# YouTube and its prompting about G+



## danni (Sep 24, 2013)

Hey there!

Does anyone know, how I can get that really annoying prompting to go away permanently? It keeps popping up everynow and then (I just refresh the page) I dont want a G+ profile (every options leads to G+ creation) !


----------



## MannDude (Sep 24, 2013)

You mean this:



Image pulled from Reddit.


----------



## danni (Sep 24, 2013)




----------



## MannDude (Sep 24, 2013)

Ah, oh wow. They're pushing heavy. Google+ isn't all that great to be honest, you're not missing out on much. But I'd be annoyed to no end about those notices.

I've got two active Google accounts. In FireFox I am logged into one, which includes Google+ and in Chrome, logged into a different one that I mainly use for YouTube and gmail. I never get the notice on my alternate one, but looking into it, I've already got a G+ account for that too. I don't recall setting one up, but I must have.

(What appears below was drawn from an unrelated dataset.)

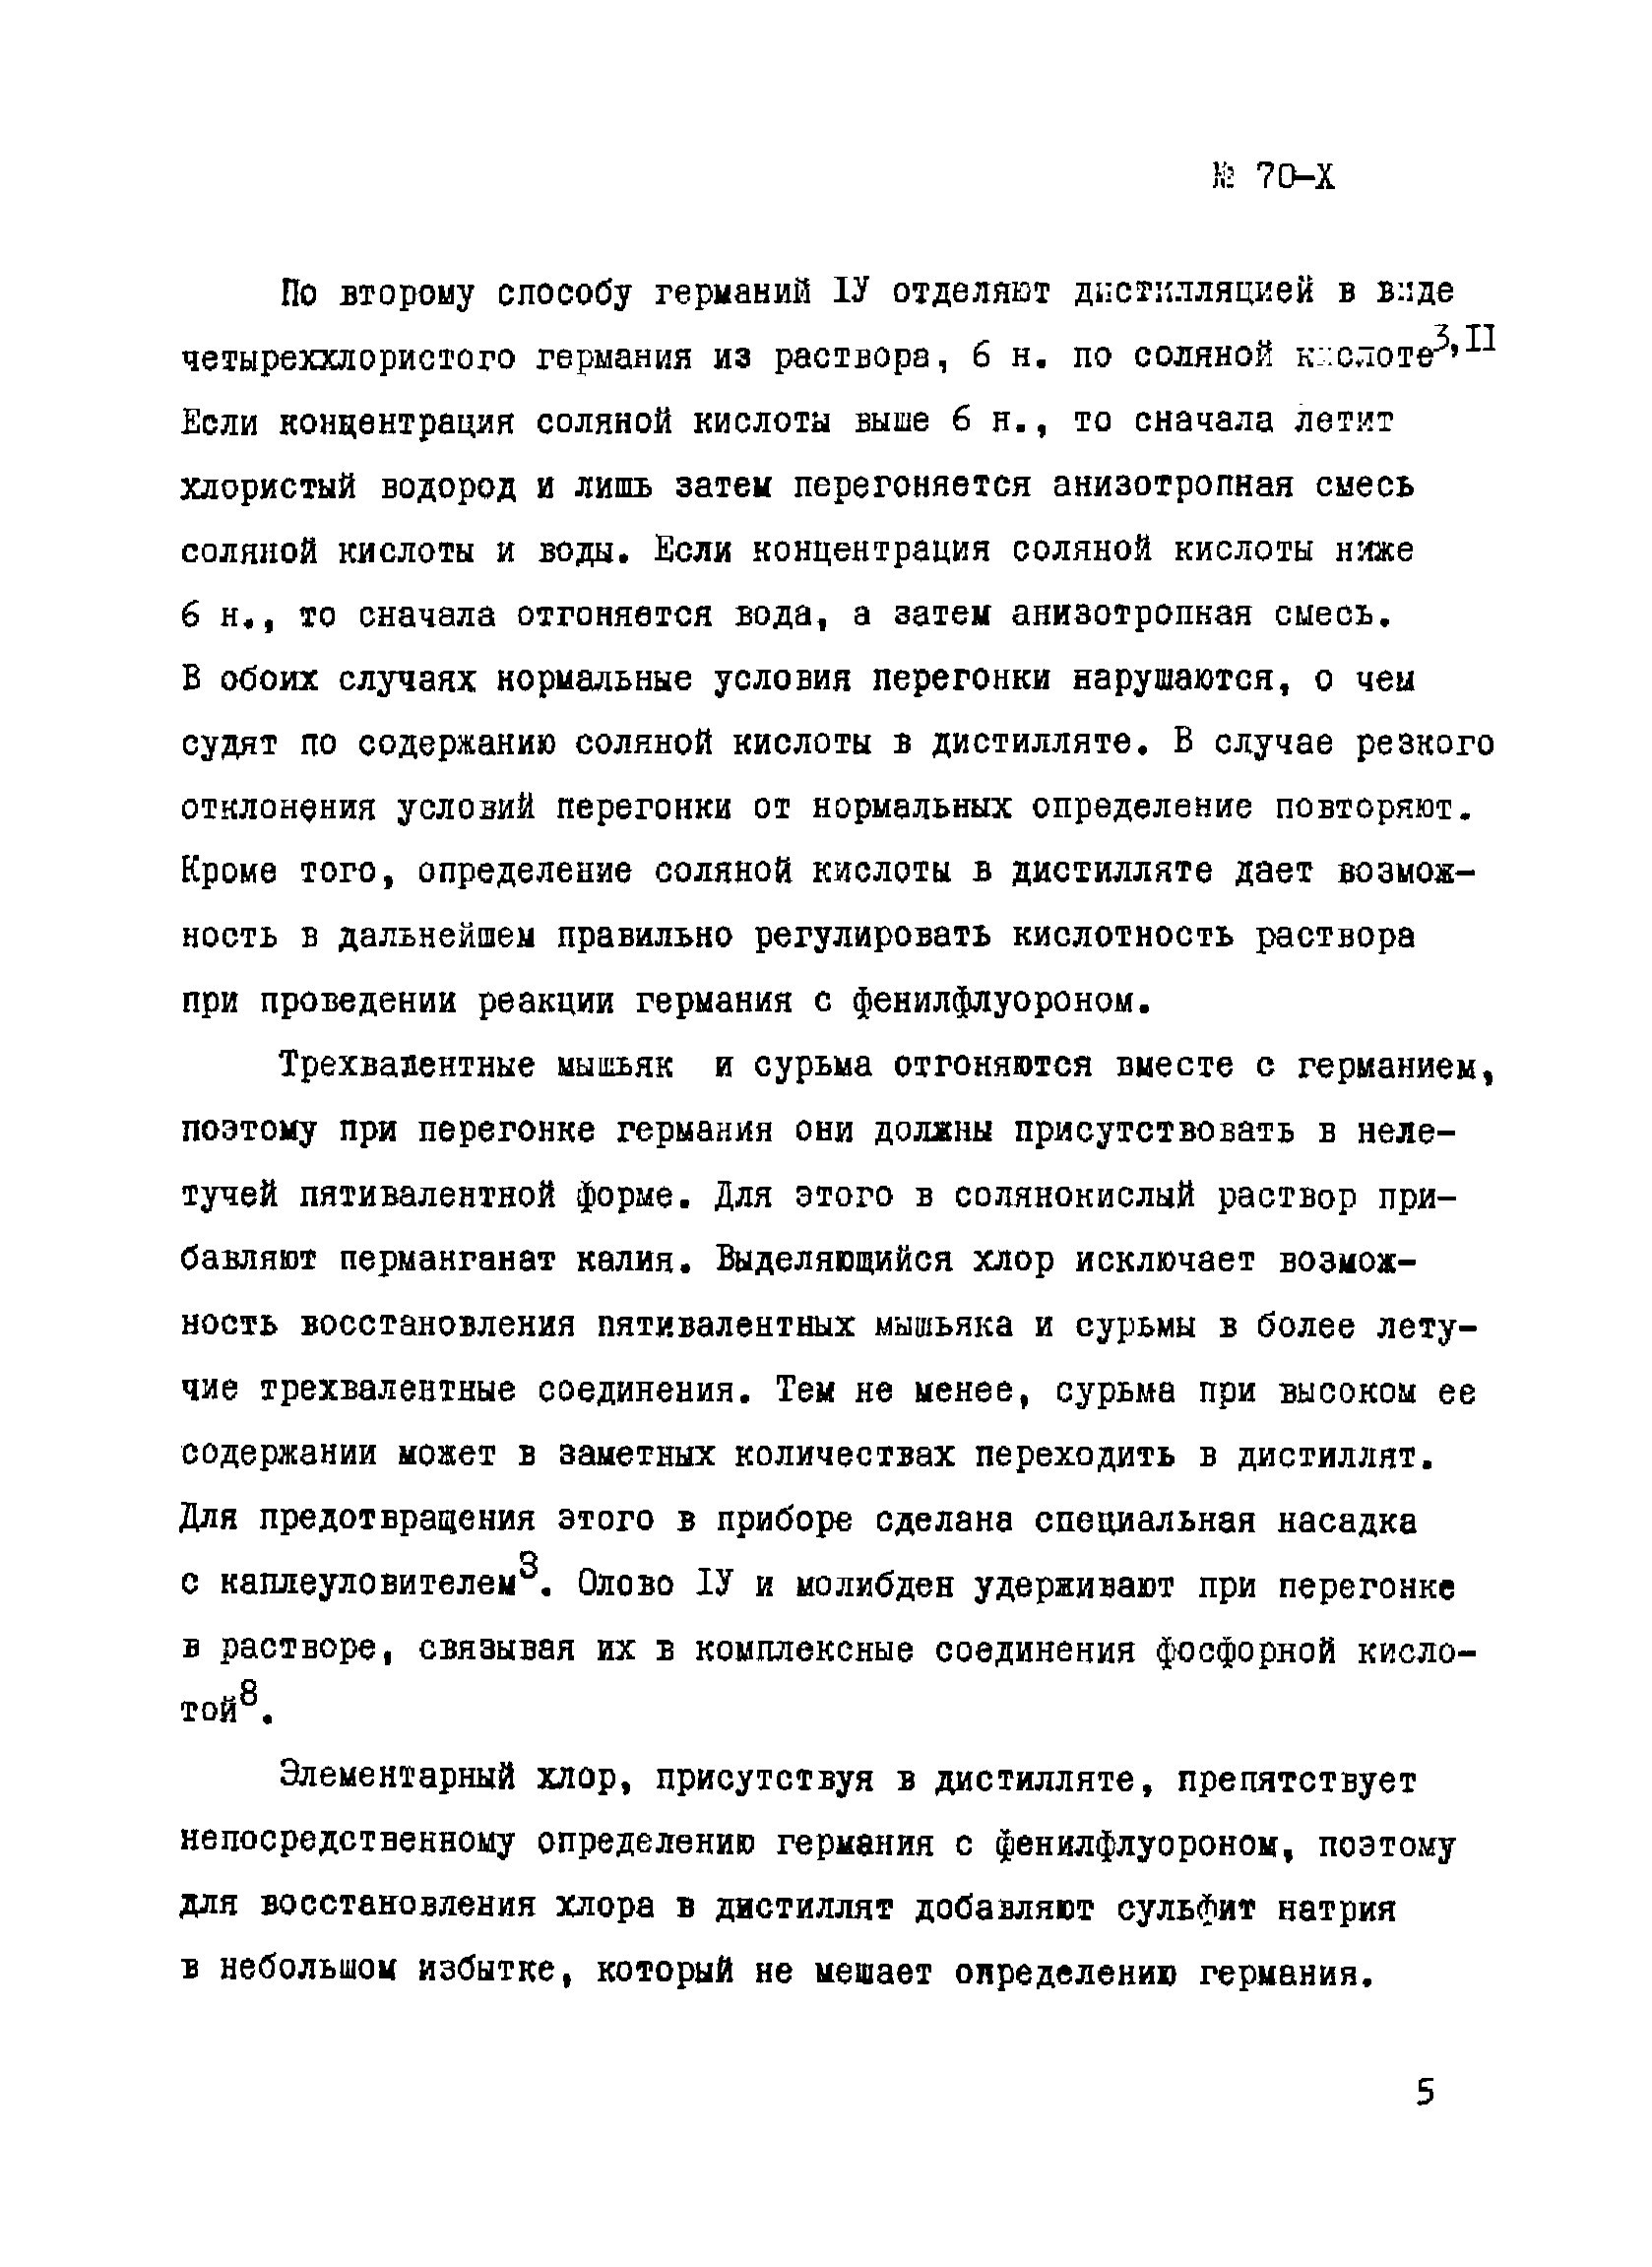 Инструкция НСАМ 70-Х

Wish there were more Google alternatives. Vimeo, DailyMotion and LiveLeak are all great and all... but still very small content as compared to YouTube.


----------



## GIANT_CRAB (Sep 24, 2013)

I shit you not, Youtube is the second largest/most used search engine.
If you post content on Youtube, there's a high chance of it getting viewed by at least 2 people.

The largest/most used search engine is Google, of course.


----------



## Aldryic C'boas (Sep 24, 2013)

MannDude said:


> Wish there were more Google alternatives. Vimeo, DailyMotion and LiveLeak are all great and all... but still very small content as compared to YouTube.


DailyMotion is more than just porn and ads? >_>



MannDude said:


> I never get the notice on my alternate one, but looking into it, I've already got a G+ account for that too. I don't recall setting one up, but I must have.


Google has this bad habit of forcing assumptions on what they think you need.  Signing up for a single service (gmail, g+, youtube, etc) will create sister accounts on each tied in service.  If you have a Google Apps account and can manage the domain, just look at how many "Services" are enabled by default -_-;


----------



## MannDude (Sep 24, 2013)

Aldryic C said:


> DailyMotion is more than just porn and ads? >_>
> 
> Google has this bad habit of forcing assumptions on what they think you need.  Signing up for a single service (gmail, g+, youtube, etc) will create sister accounts on each tied in service.  If you have a Google Apps account and can manage the domain, just look at how many "Services" are enabled by default -_-;


Not sure, have never really used DailyMotion. I just see it referenced from time to time when people post videos.


----------



## Shados (Sep 24, 2013)

I seem to remember getting a series of emails at one point about g+ stuff, and they would not let me unsubscribe from them without signing into a g+ account that I did not have. Think I ended up just marking them as spam


----------